— Если на то будет ваша ласка, мы раненько и уедем, сбор сдадим вам, а вы уже сами старосте передадите.
По лицу стражника видно было, что он колеблется: ему и хотелось взять деньги и было боязно. Все же жадность взяла верх. «Да и кому дело до какого-то обоза во время такой гульбы?» — подумал стражник.
— Езжай, — махнул он рукой. — Станете на базарной площади, да огня, смотри, не разводите.
Темнело. Абазин и Корней, сидел под возом и слушали вести, принесенные казаками, ходившими якобы осматривать город, а на самом деле — выведать, где сидит Палий, в каком месте стоят лошади, много ли стражи и где она расположена.
Начинать решили не раньше полуночи, когда в крепости пьяная шляхта уляжется спать. Дело чуть было не испортил какой-то подвыпивший драгун. Слоняясь по площади, он подошел к крайнему возу.
— Что, хлоп, товары нам Москва шлет? Везите, везите, теперь ваш царь с королем в дружбе. Из Киева?
— Да, пан, из Киева.
— А в мешках у тебя что?
— Пшено.
— Везите, везите, — драгун засмеялся, хотел повернуться, чтоб итти дальше, но зашатался и схватился за крайний мешок. Веревки на возах были уже отпущены, и ничем не придерживаемый мешок легко упал под ноги драгуну.
— О, да это…
В то же мгновение короткий вскрик прорезал ночную тишину…
Подбежали казаки с соседних возов.
Погонщик крайнего воза, держа в руках окровавленный кол и виновато озираясь, подкатывал под воз мертвое тело. Все это произошло молниеносно, и никто из поляков не обратил внимания на предсмертный крик драгуна.
Пропели первые петухи.
Палий ворочался с боку на бок, силясь заснуть.
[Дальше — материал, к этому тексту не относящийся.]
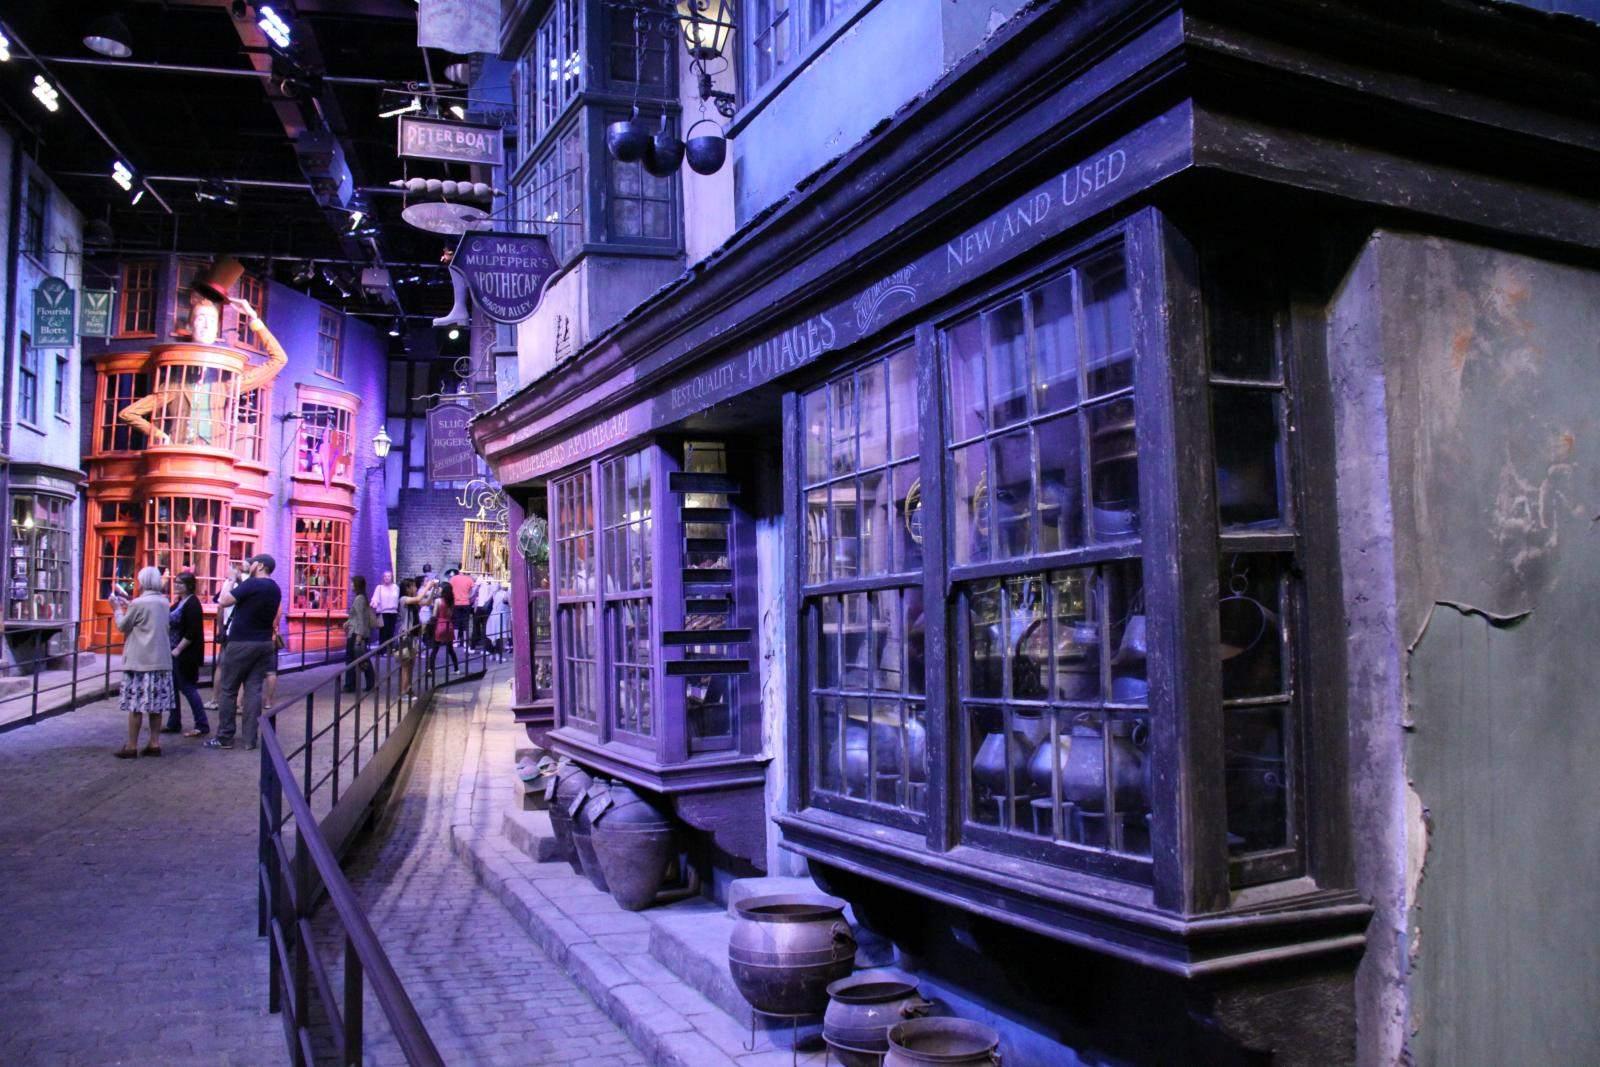 making harry potter1 The Making of Harry Potter, Warner Bros Studio London

В конце концов он забылся тревожным, тяжелым сном.
Ему приснилось, что он просунул руки сквозь решетку и какой-то человек пытается расклепать его оковы, ударяя большим молотом по наковальне. Обе руки пролезли через решетку не сразу, и неизвестный боялся повредить узнику руку. Наконец послышались удары молота по кандалам.
…В ушах еще раздавался стук молота о железо. Палий прислушался: нет, это не сои, тяжелые удары в дверь становились все сильнее, потом что-то треснуло, скрипнули ржавые петли и на стенах темницы дрогнул тусклый свет сального фонаря.
Палий поднялся, все еще не понимая, в чем дело.
— Семен! Батько! — послышались голоса.
Его обступили, обнимали, целовали.
— Корней! Сынку! Яков! Откуда вы взялись? Вот так сон!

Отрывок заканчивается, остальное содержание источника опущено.